_INSTRUCTIONS TO FOLLOW_
Leaving out the pictures, please reproduce exactly and only the lines from the one that contains "Made in black leather and good quality foam." through the last line below.
### GIVEN MATERIAL ###
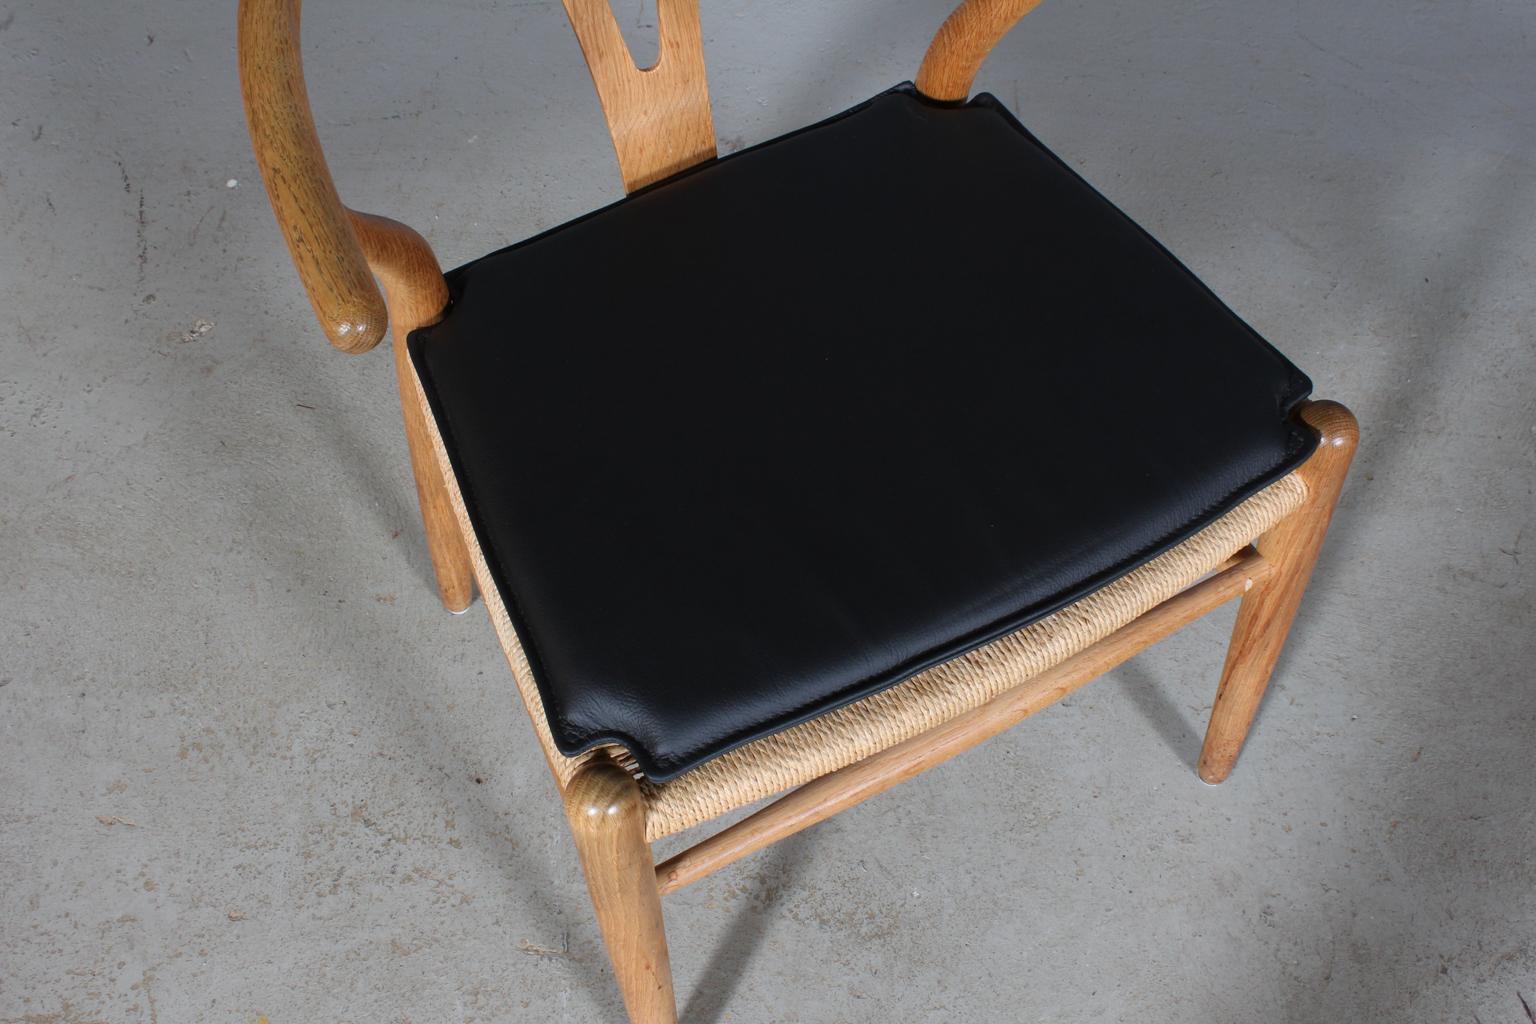 Hans J. Wegner cushions for wishbone chair model CH24.

Made in black leather and good quality foam.

Only the cushion, not the chair.
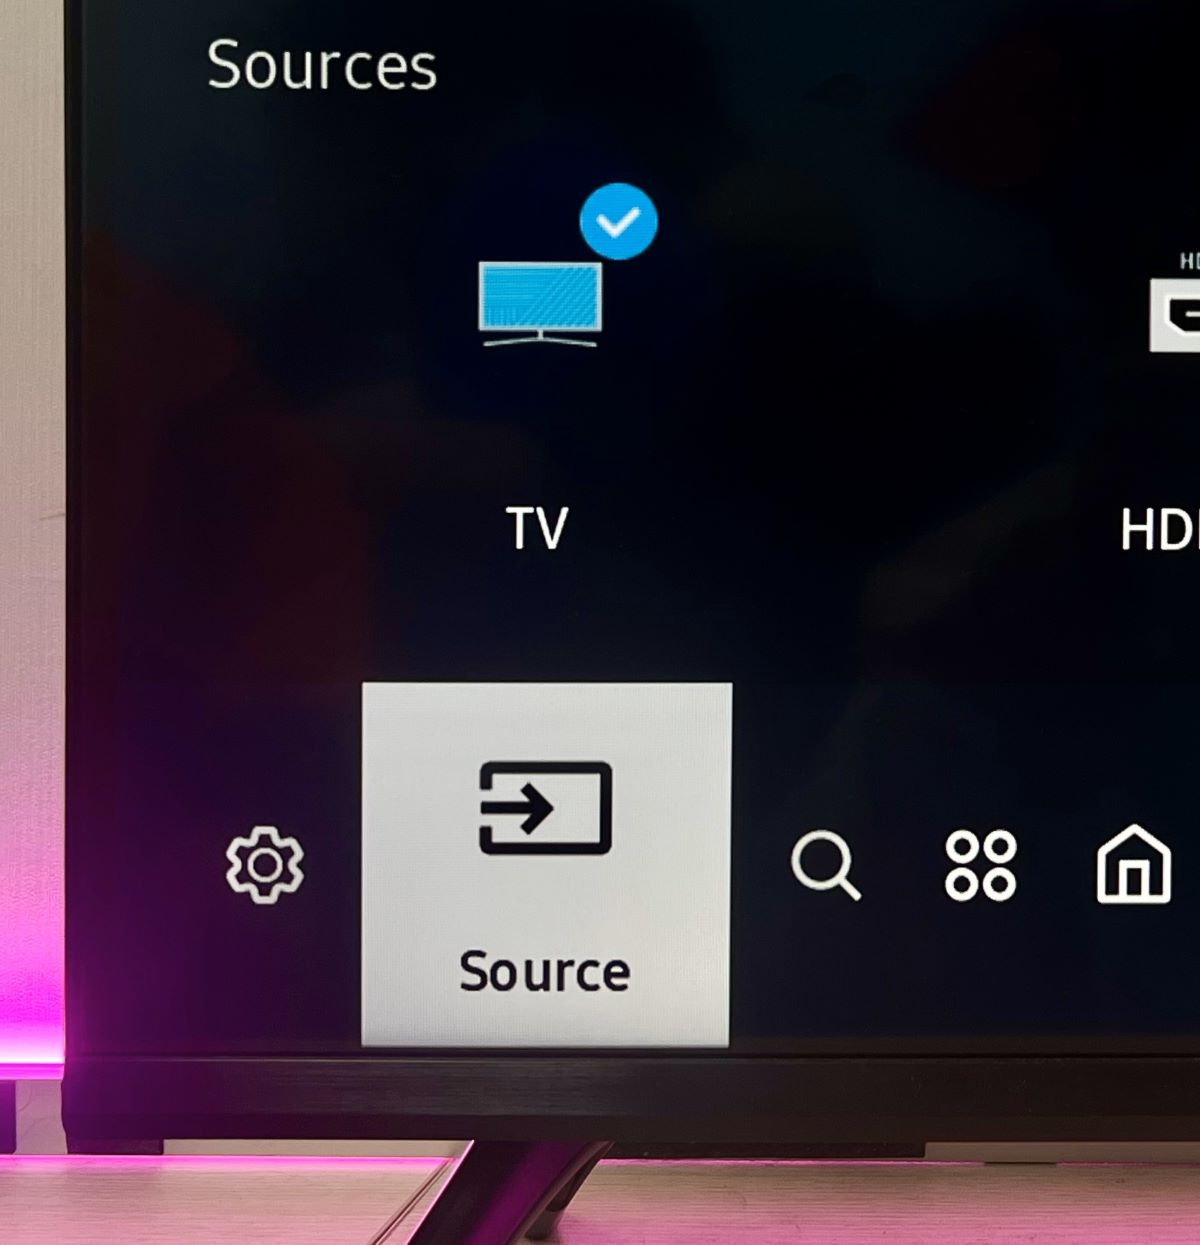 source option is highlighted on a samsung tv
###
_SOLUTION_
Made in black leather and good quality foam.

Only the cushion, not the chair.
 source option is highlighted on a samsung tv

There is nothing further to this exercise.